Russian branch of Credit Suisse reportedly investigates mirror trades

Maria Nikolova

The internal investigation concerns two of the bank’s employees and a number of external financiers, according to Forbes.

Swiss bank Credit Suisse is allegedly conducting an internal probe into its Moscow office, with the investigation concerning mirror trades.

According to a report in the Russian edition of Forbes, citing sources in the bank, the probe has started not later than December 2016. Credit Suisse is investigating two of its own employees, engaged in treasury operations in the Russian office, as well as a number of external financiers, including the activities of a broker.

One of the counter-agents of Credit Suisse claims that the volume of deals investigated is up to tens of millions of dollars a day.

Credit Suisse has refused to comment (to “Forbes”) on the investigation of its employees.

The report comes less than a fortnight after regulators on both sides of the Atlantic sanctioned Deutsche Bank AG (ETR:DBK) for Russian mirror trades.

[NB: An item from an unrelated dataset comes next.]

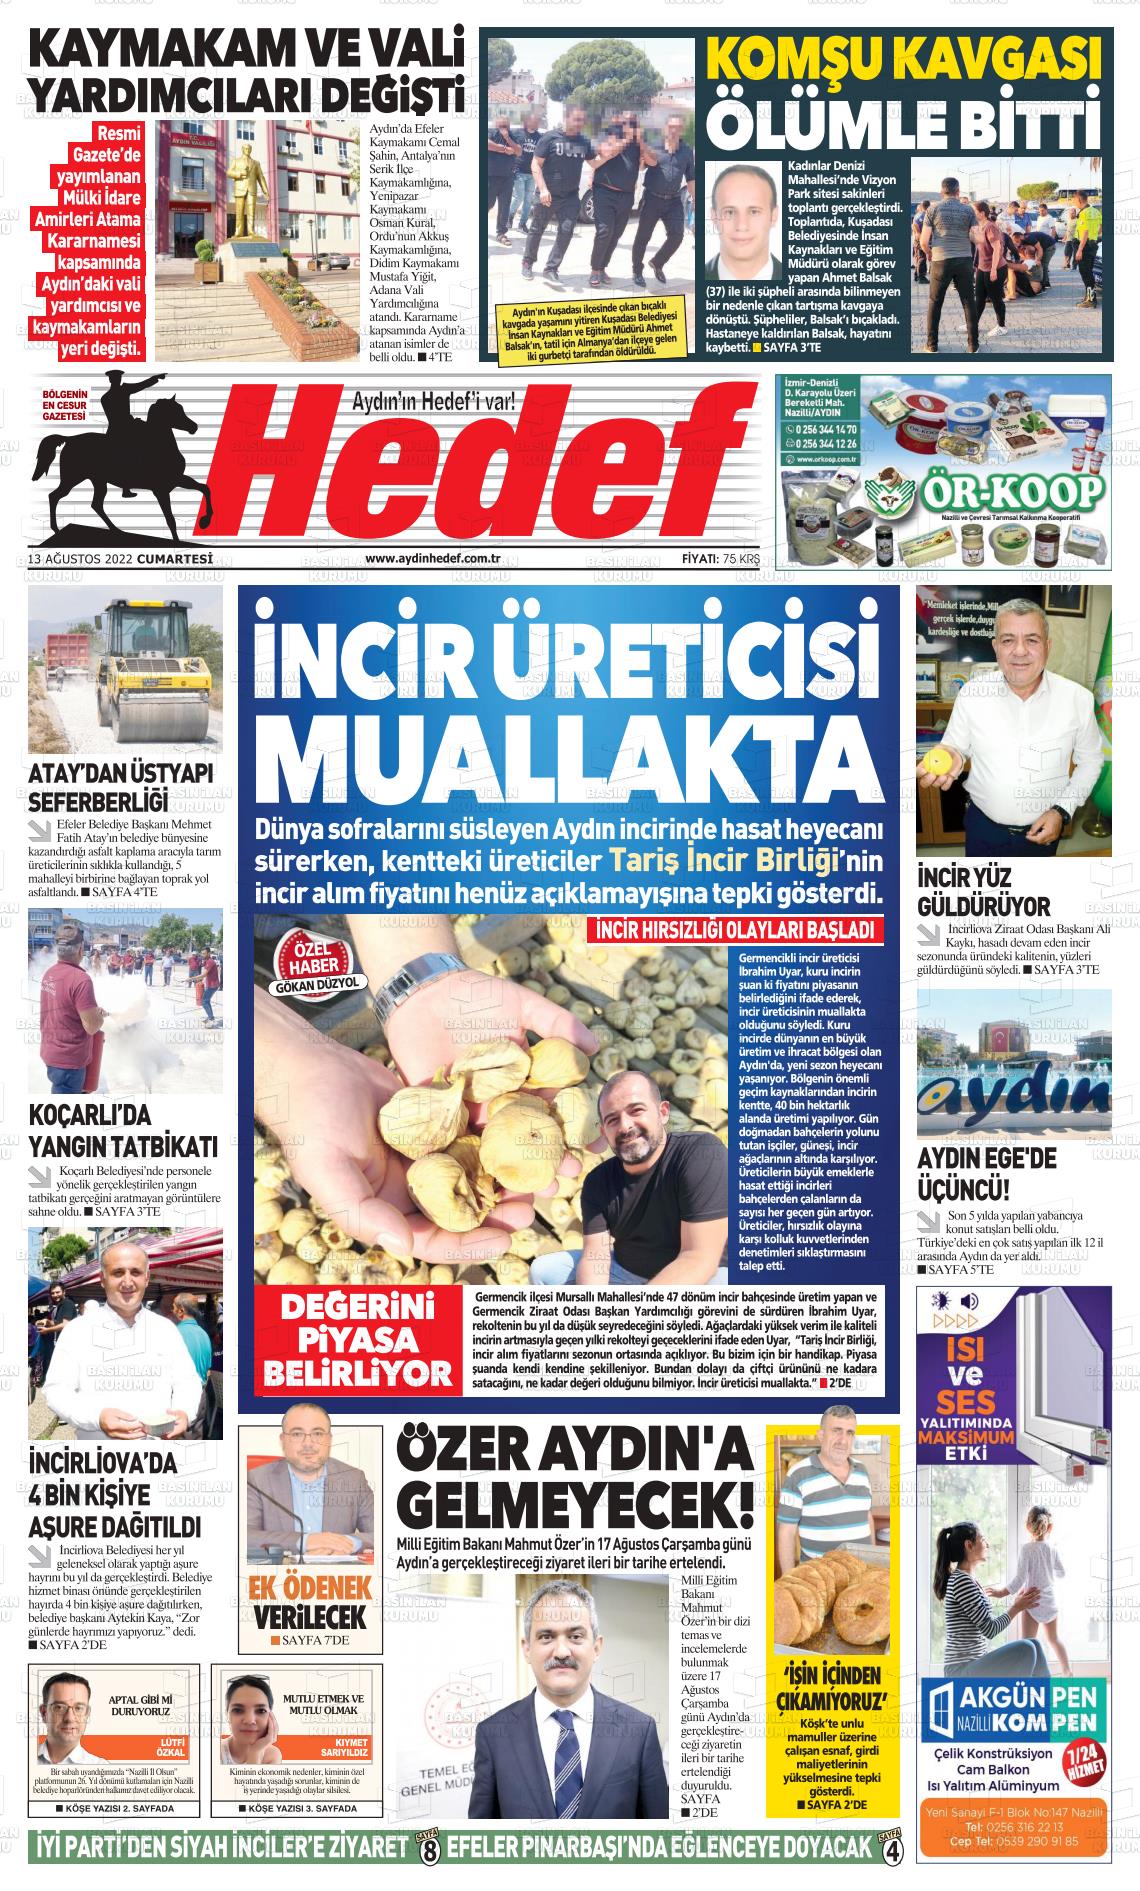 13 Ağustos 2022 Aydın Hedef Gazete Manşeti

On January 30, 2017, the New York State Department of Financial Services (DFS) announced that Deutsche Bank and its New York branch will have to pay a $425 million fine and hire an independent monitor under a consent order entered into with the DFS.

The sanctions stemmed from findings that Deutsche Bank has violated New York anti-money laundering laws via a “mirror trading” scheme involving the bank’s Moscow, London and New York offices. As a result, $10 billion were laundered $10 billion out of the Russian Federation.

Operating through the equities desk at Deutsche Bank’s Moscow branch, a number of companies that were clients of the Moscow equities desk issued orders to buy Russian blue chip stocks, paying in Russian rubles. Shortly after that, a related counterparty would sell the identical Russian blue chip stock in the same quantity and at the same price through Deutsche Bank’s London branch. The counterparties involved were linked, whereas the trades were usually cleared through Deutsche Bank Trust Company of the Americas (DBTCA). The selling counterparty was typically registered offshore and would be paid for its shares in US dollars.

Today, FinanceFeeds received a statement from Credit Suisse, which stated the following: “We do not have any investigations into alleged mirror trading in the Moscow office,” counteracting what is stated on the report.

On January 31, 2017, the UK Financial Conduct Authority (FCA) imposed a fine of more than £163 million on Deutsche Bank over AML failures. The UK regulator accused the bank of failing to maintain adequate AML controls between January 1, 2012 and December 31, 2015. This is the severest financial penalty for AML controls failings ever imposed by the UK financial regulator.